PROBLEM:
All of the records below are to be output exactly; no image belongs in the result.

========

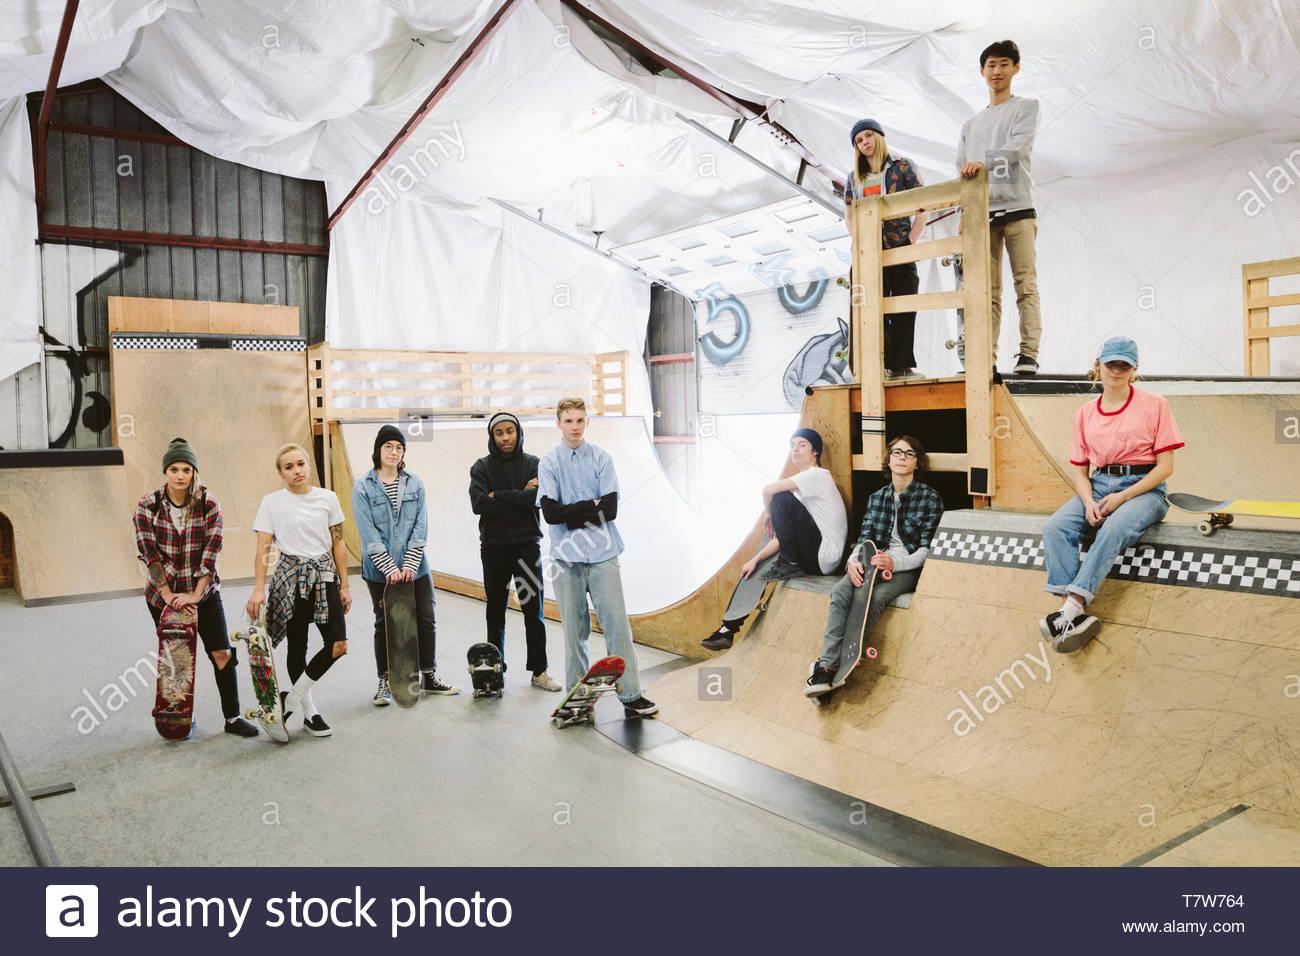 Portrait confident young friends skateboarding at indoor skate park - Stock Image
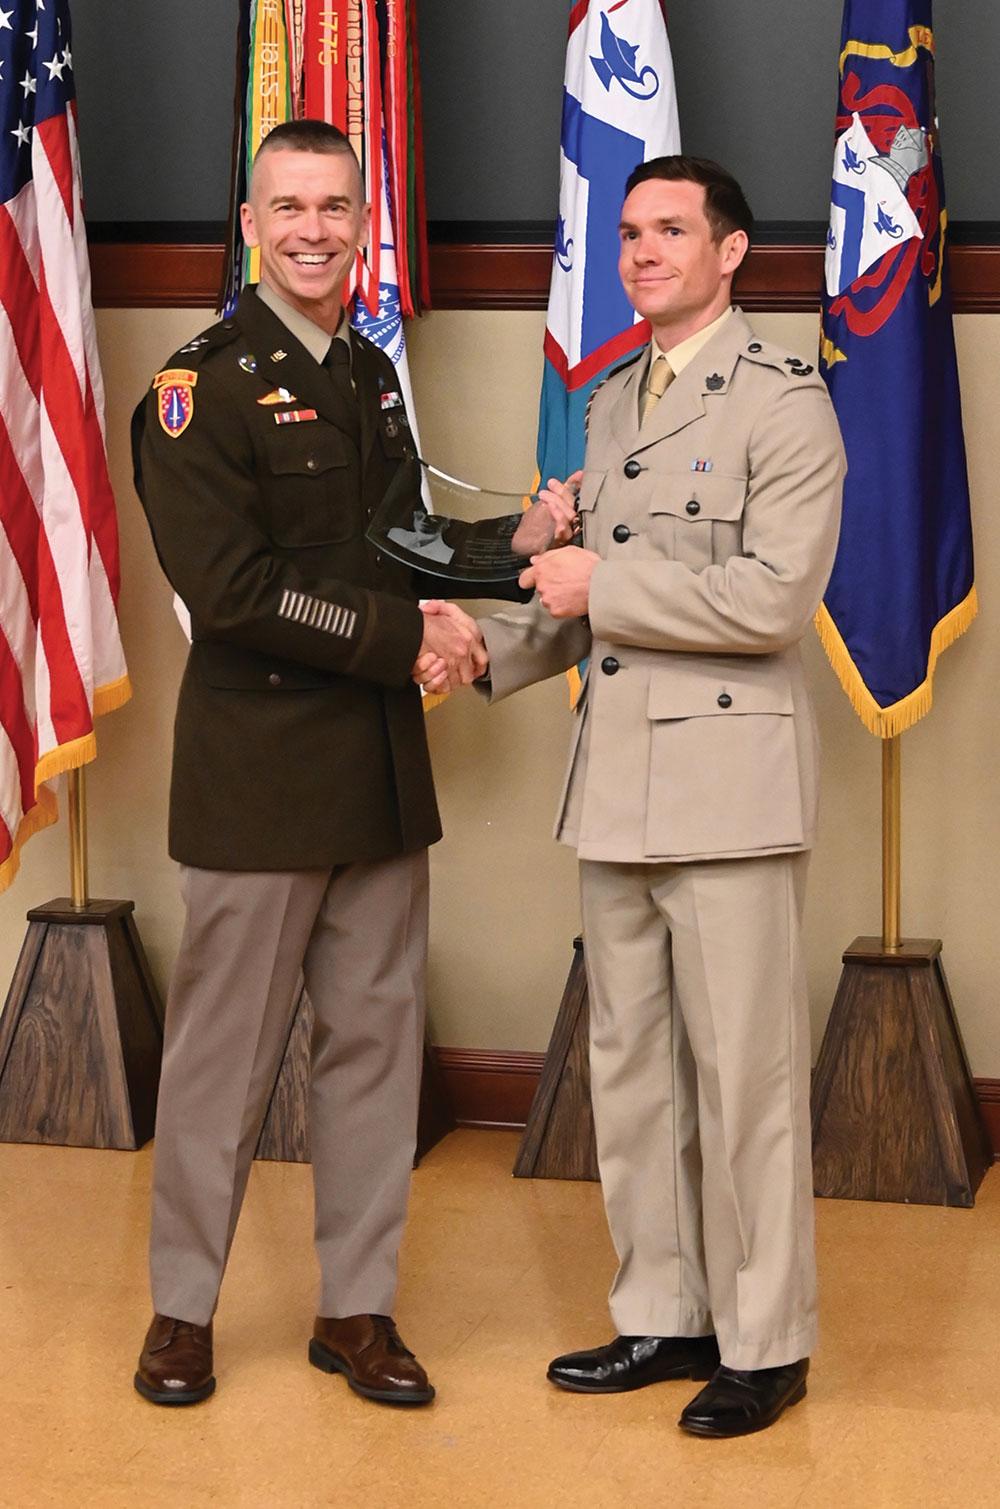 CGSC Deputy Commandant Maj. Gen. Donn Hill presents the Eisenhower Award to Maj. Philip Anderson, International Military Student, United Kingdom.
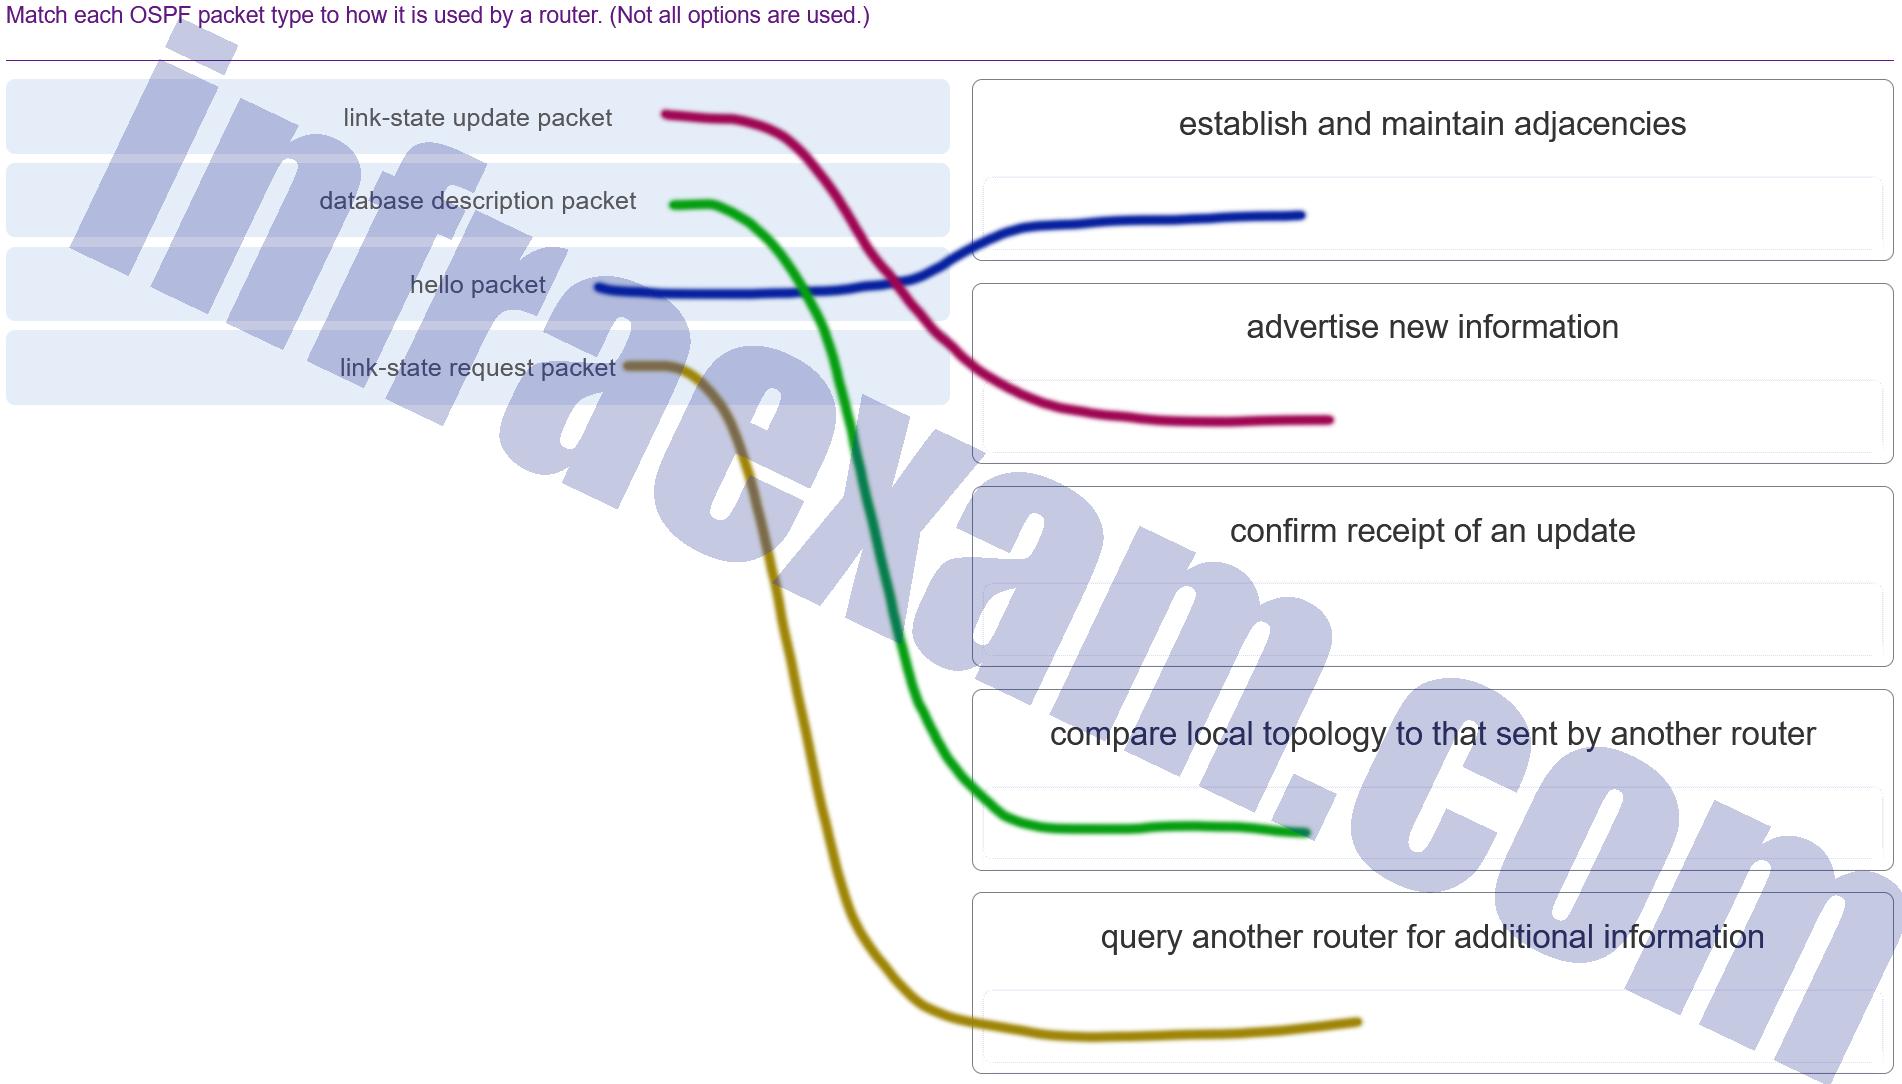 CCNA3 v7 – ENSA – Modules 1 – 2 OSPF Concepts and Configuration Exam Answers 0០1
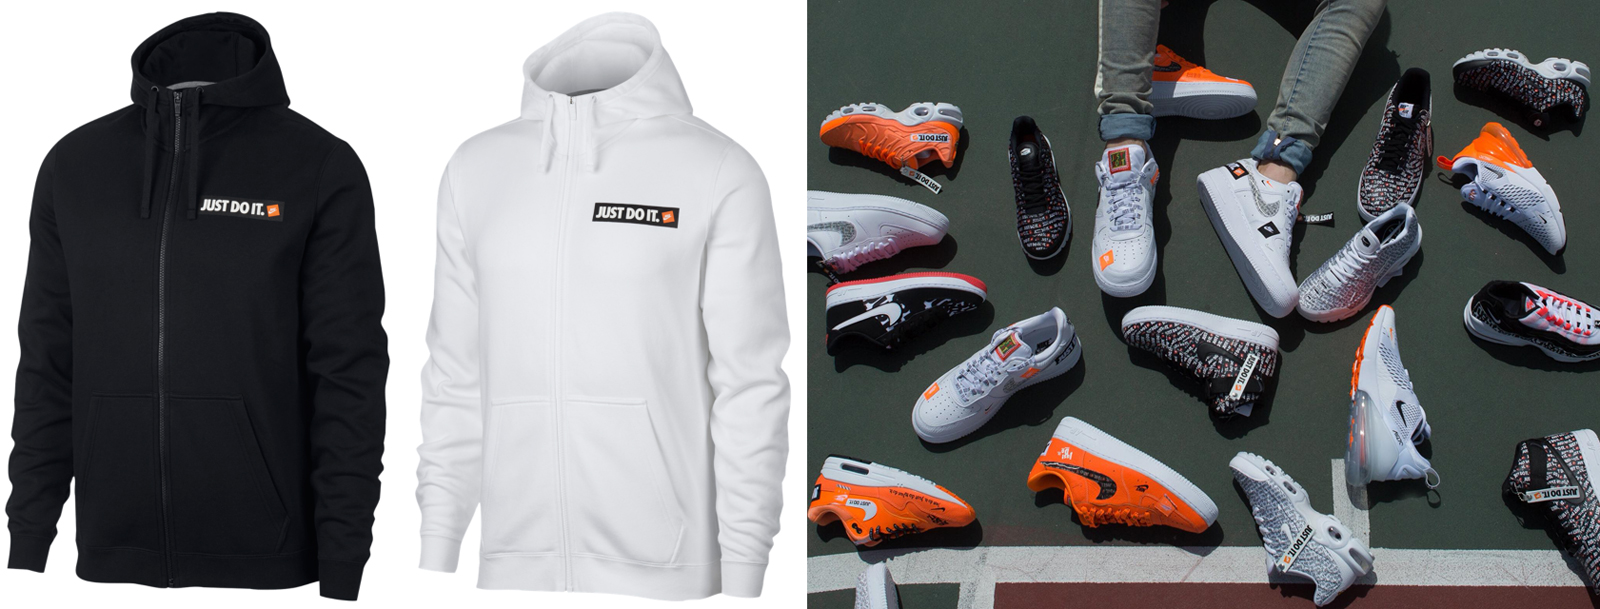 nike-jdi-just-do-it-logo-zip-hoodies
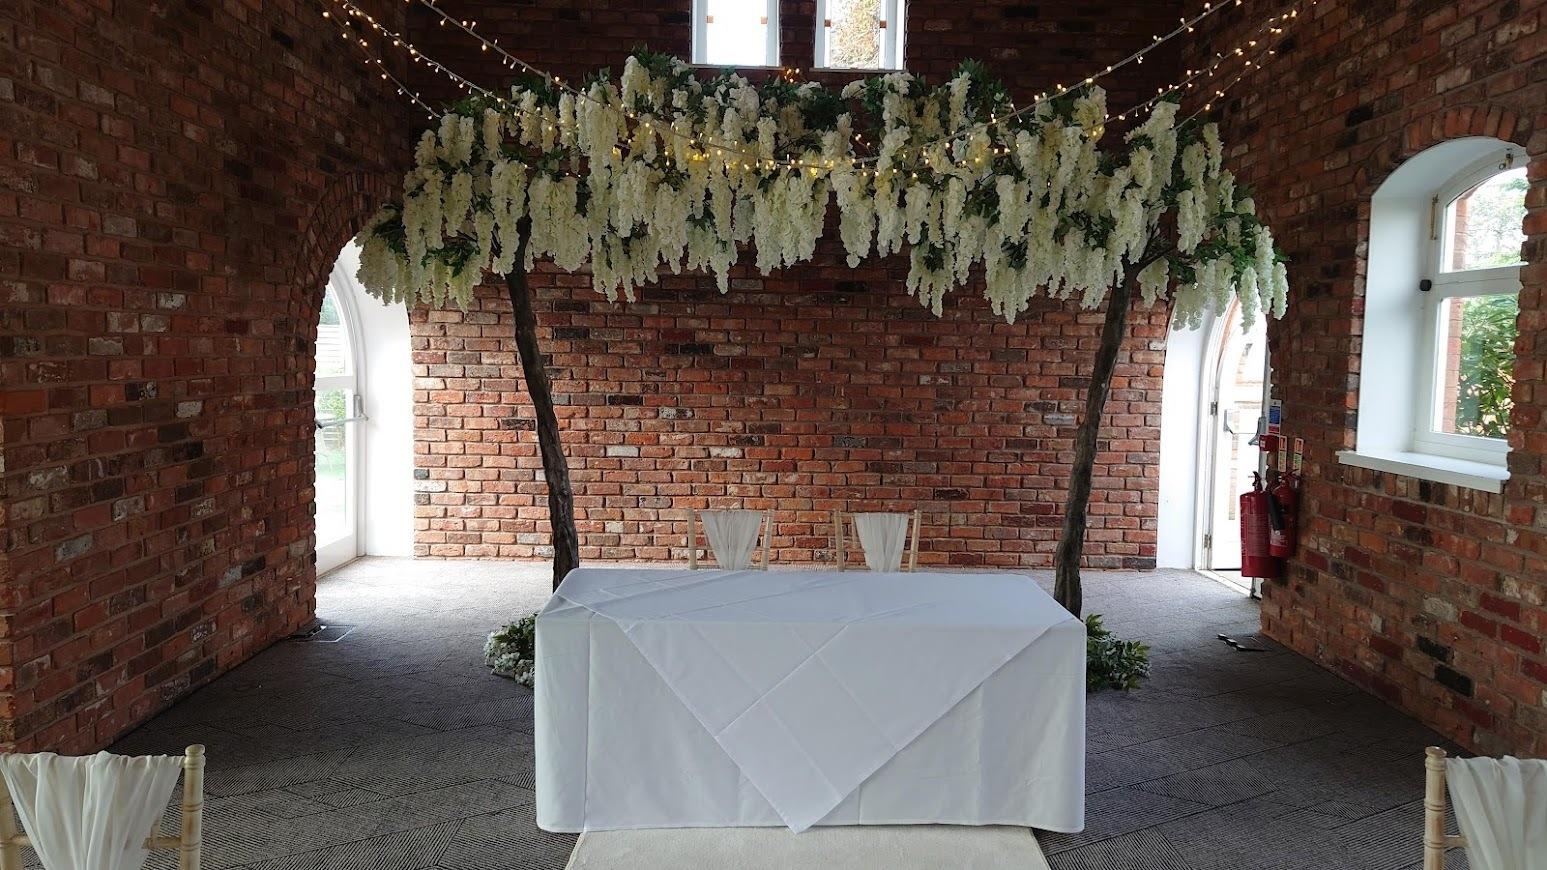 Canopy-wisteria-trees-Doubletree-Hilton

========

WRITTEN ANSWER:
 Portrait confident young friends skateboarding at indoor skate park - Stock Image
 CGSC Deputy Commandant Maj. Gen. Donn Hill presents the Eisenhower Award to Maj. Philip Anderson, International Military Student, United Kingdom.
 CCNA3 v7 – ENSA – Modules 1 – 2 OSPF Concepts and Configuration Exam Answers 0០1
 nike-jdi-just-do-it-logo-zip-hoodies
 Canopy-wisteria-trees-Doubletree-Hilton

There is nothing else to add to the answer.